Gents
First: Dang it Sean - you beet me to it! I had a very similar solution but you posted yours first. That said, I did do a performance test and ran into something I cannot figure out.
on my laptop (Windows 8, 2 cores/4 logical cpu/16GB run SQL Server 2014 Ent) I ran your solution (with results on) and it takes 31 seconds complete (my test harness data below). I tried to improve the time in your query but had no success.
I have an ngrams function that I use for this kind of thing. Below is the function with my notes on how to use it:
IF OBJECT_ID('tempdb.dbo.nGrams8K') IS NOT NULL DROP FUNCTION dbo.nGrams8K
GO
CREATE FUNCTION dbo.nGrams8K (@string varchar(8000), @k int)

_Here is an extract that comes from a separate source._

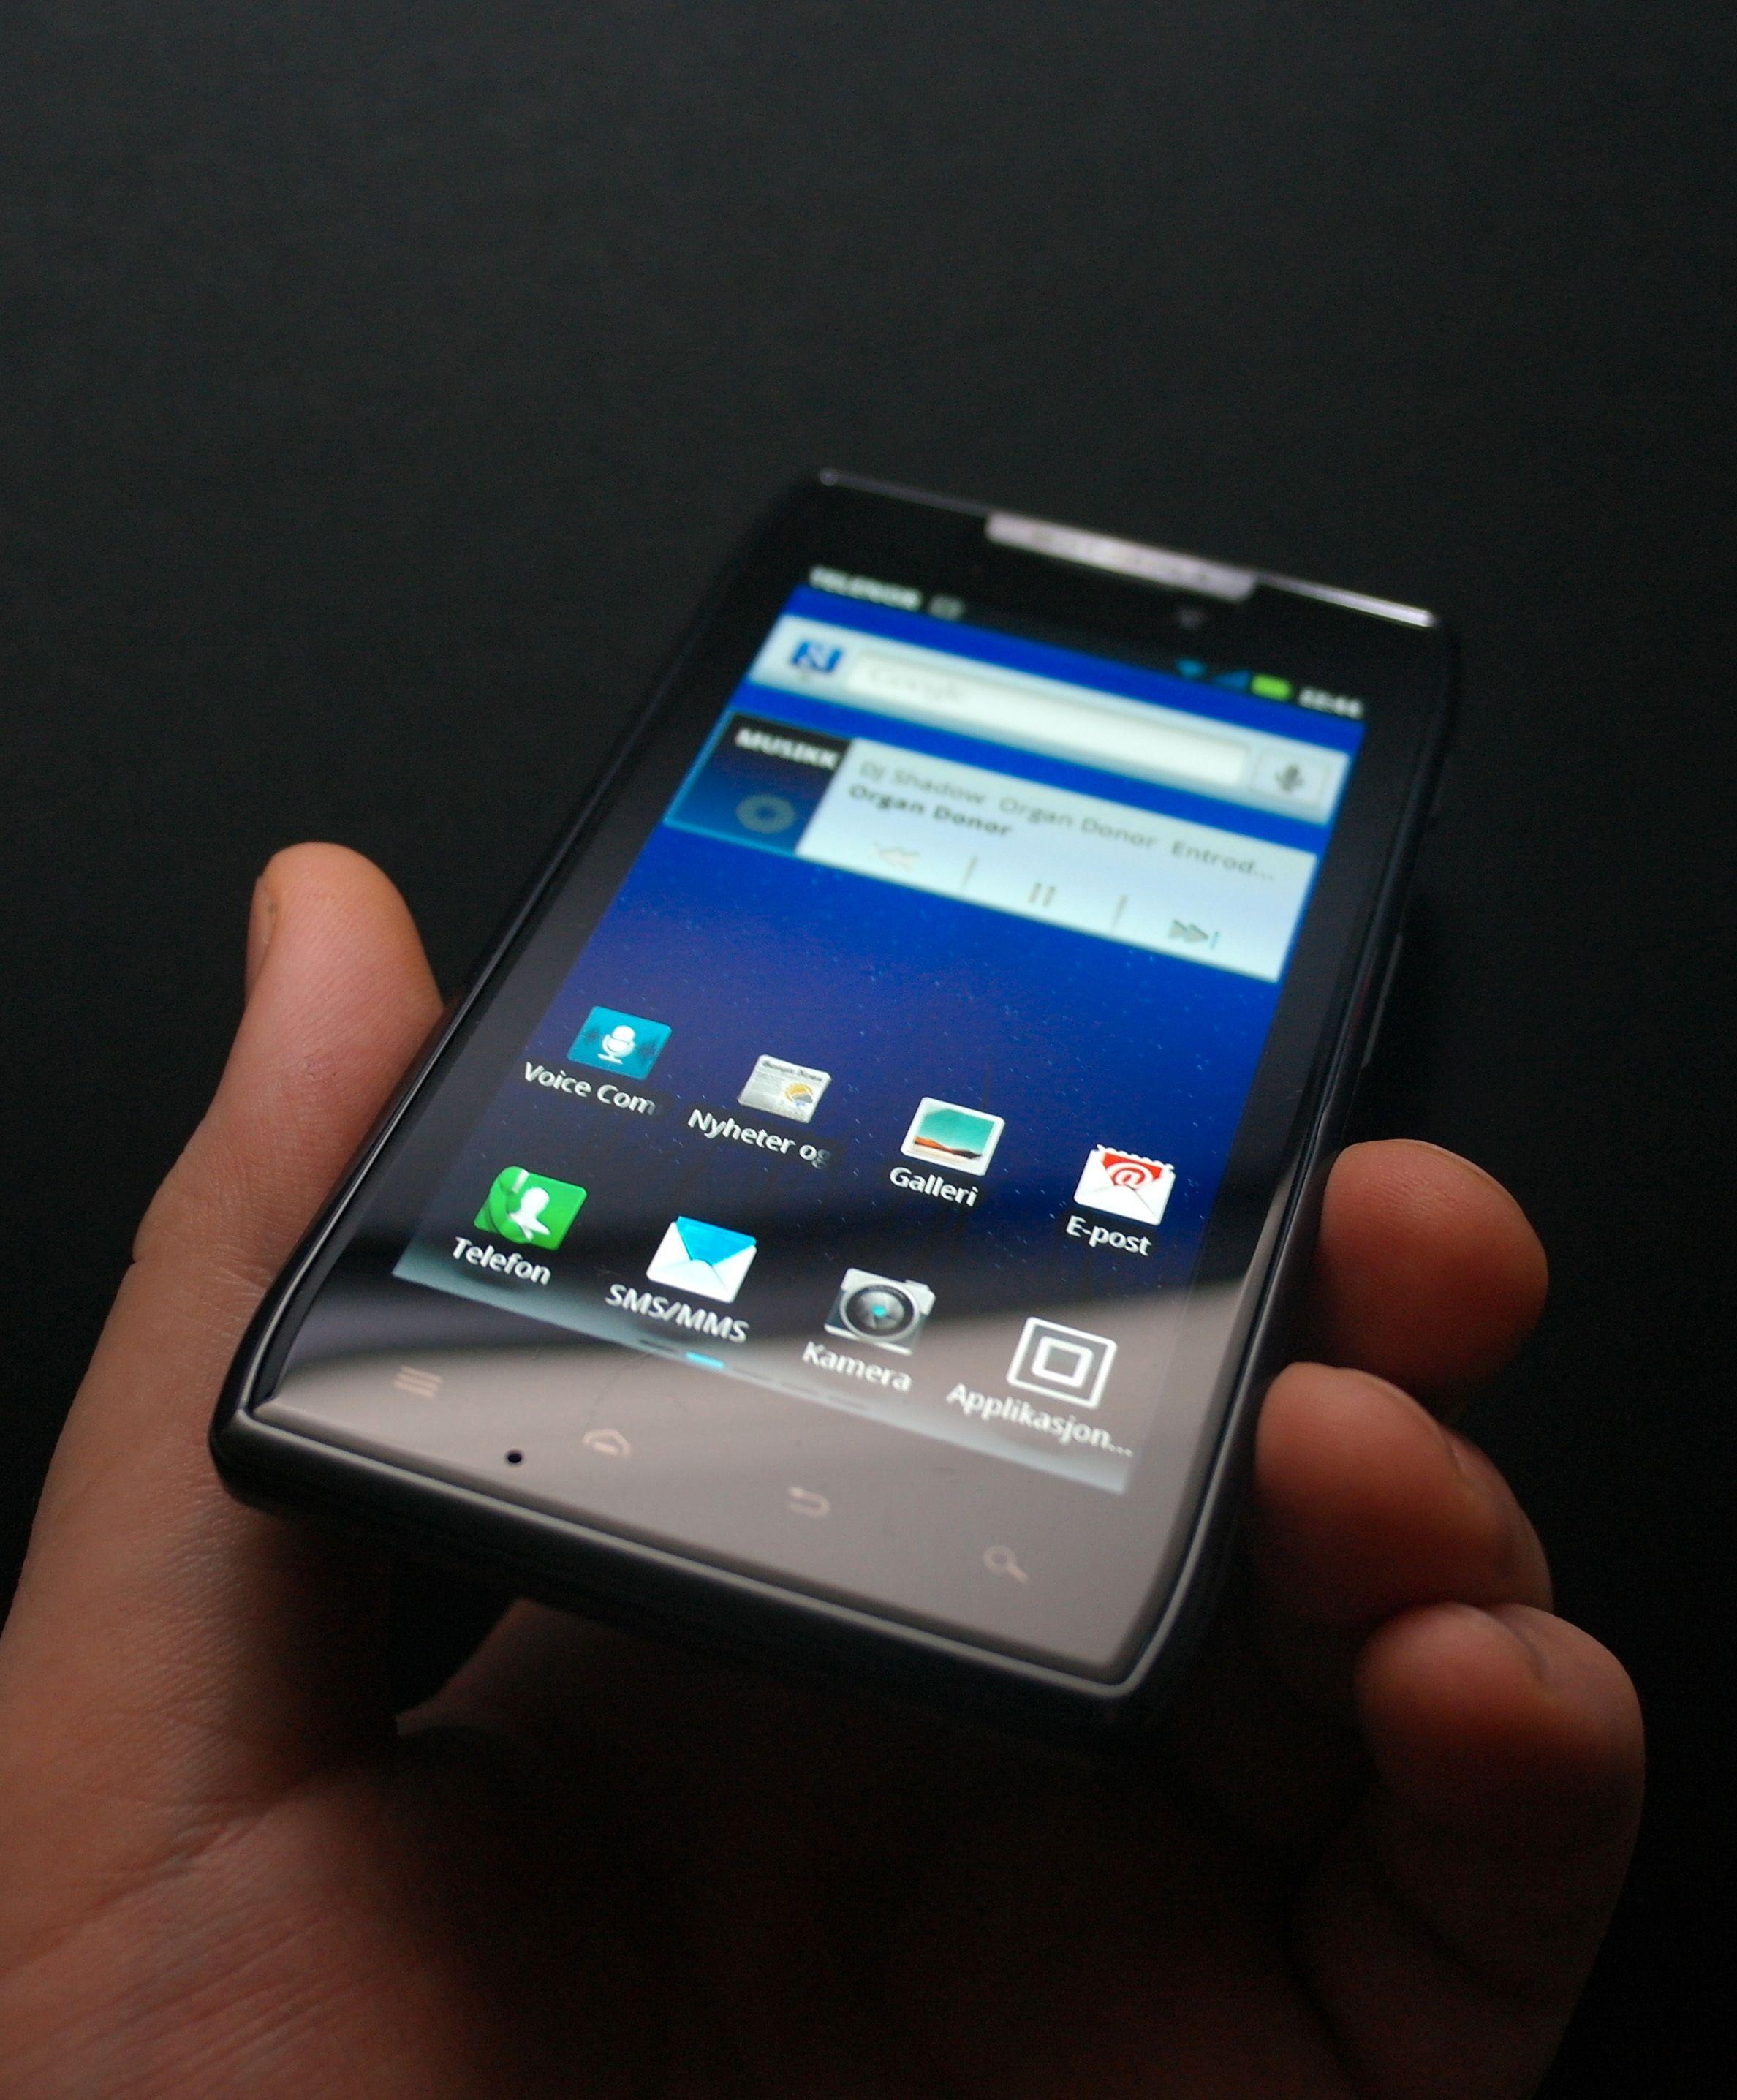 Motorola Razr skiller set ut blant andre Android-telefoner. Den ser annerledes ut, og den er vannavstøtende.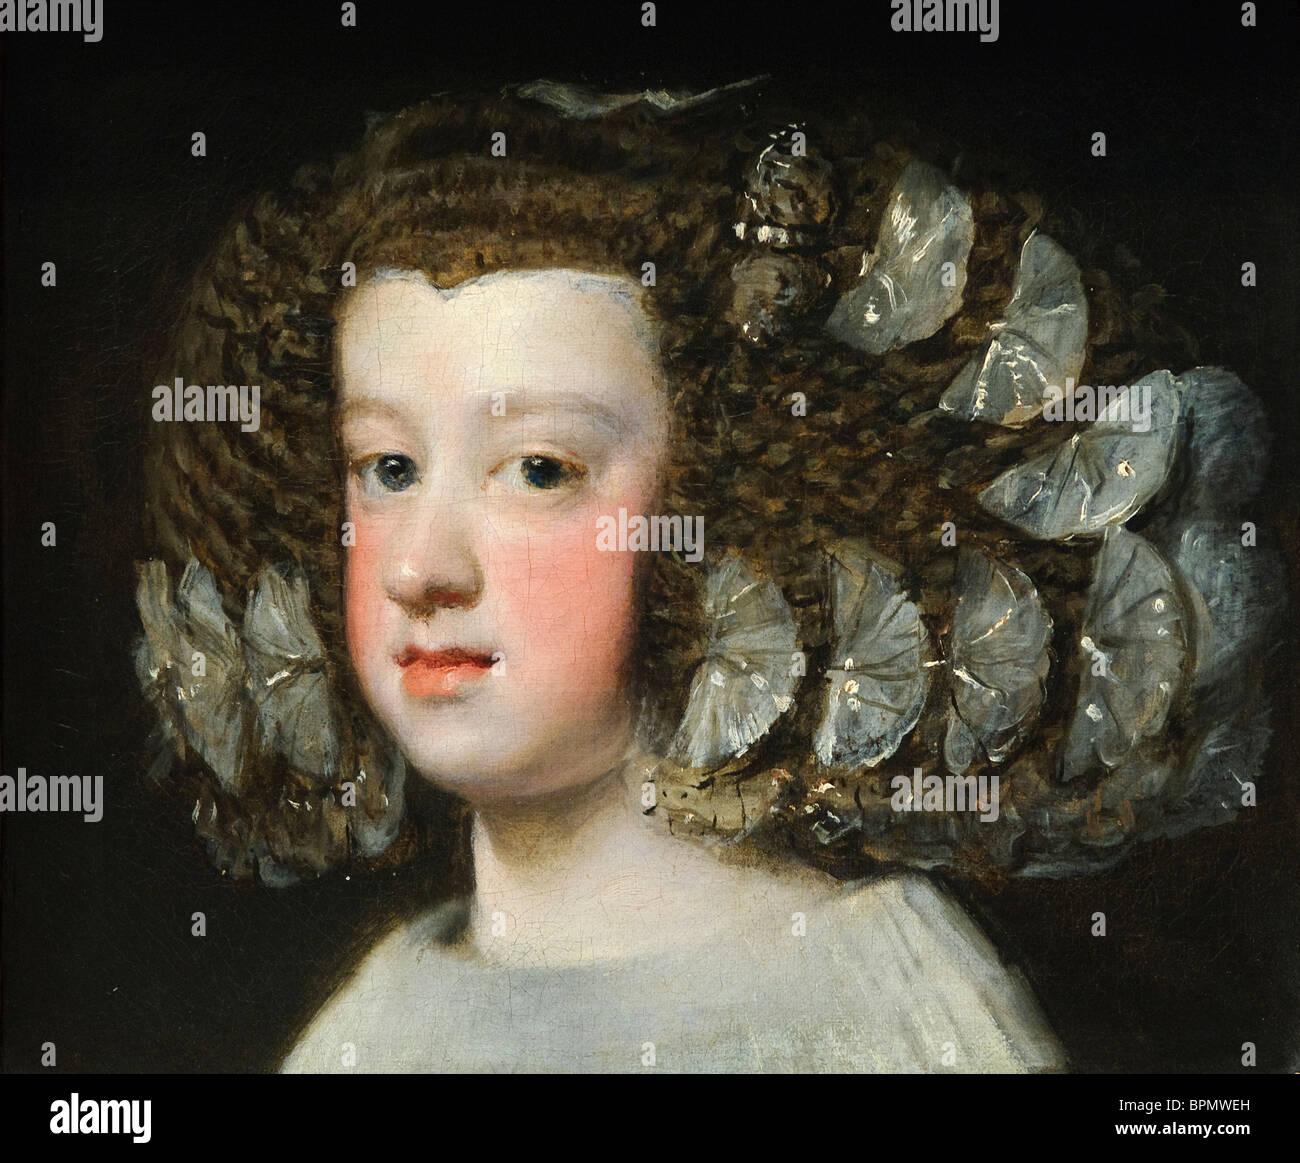 María Teresa (1638-1683), infanta de España, Velázquez Imagen De Stock

/********************************************************************
Created by: Alan Burstein
Created on: 3/10/2014
Last Updated on: 5/22/2015
n-gram defined:
In the fields of computational linguistics and probability,
an n-gram is a contiguous sequence of n items from a given
sequence of text or speech. The items can be phonemes, syllables,
letters, words or base pairs according to the application.
For more information see: http://en.wikipedia.org/wiki/N-gram
Use:
Outputs a stream of tokens based on an input string.
Similar to mdq.nGrams:
http://msdn.microsoft.com/en-us/library/ff487027(v=sql.105).aspx.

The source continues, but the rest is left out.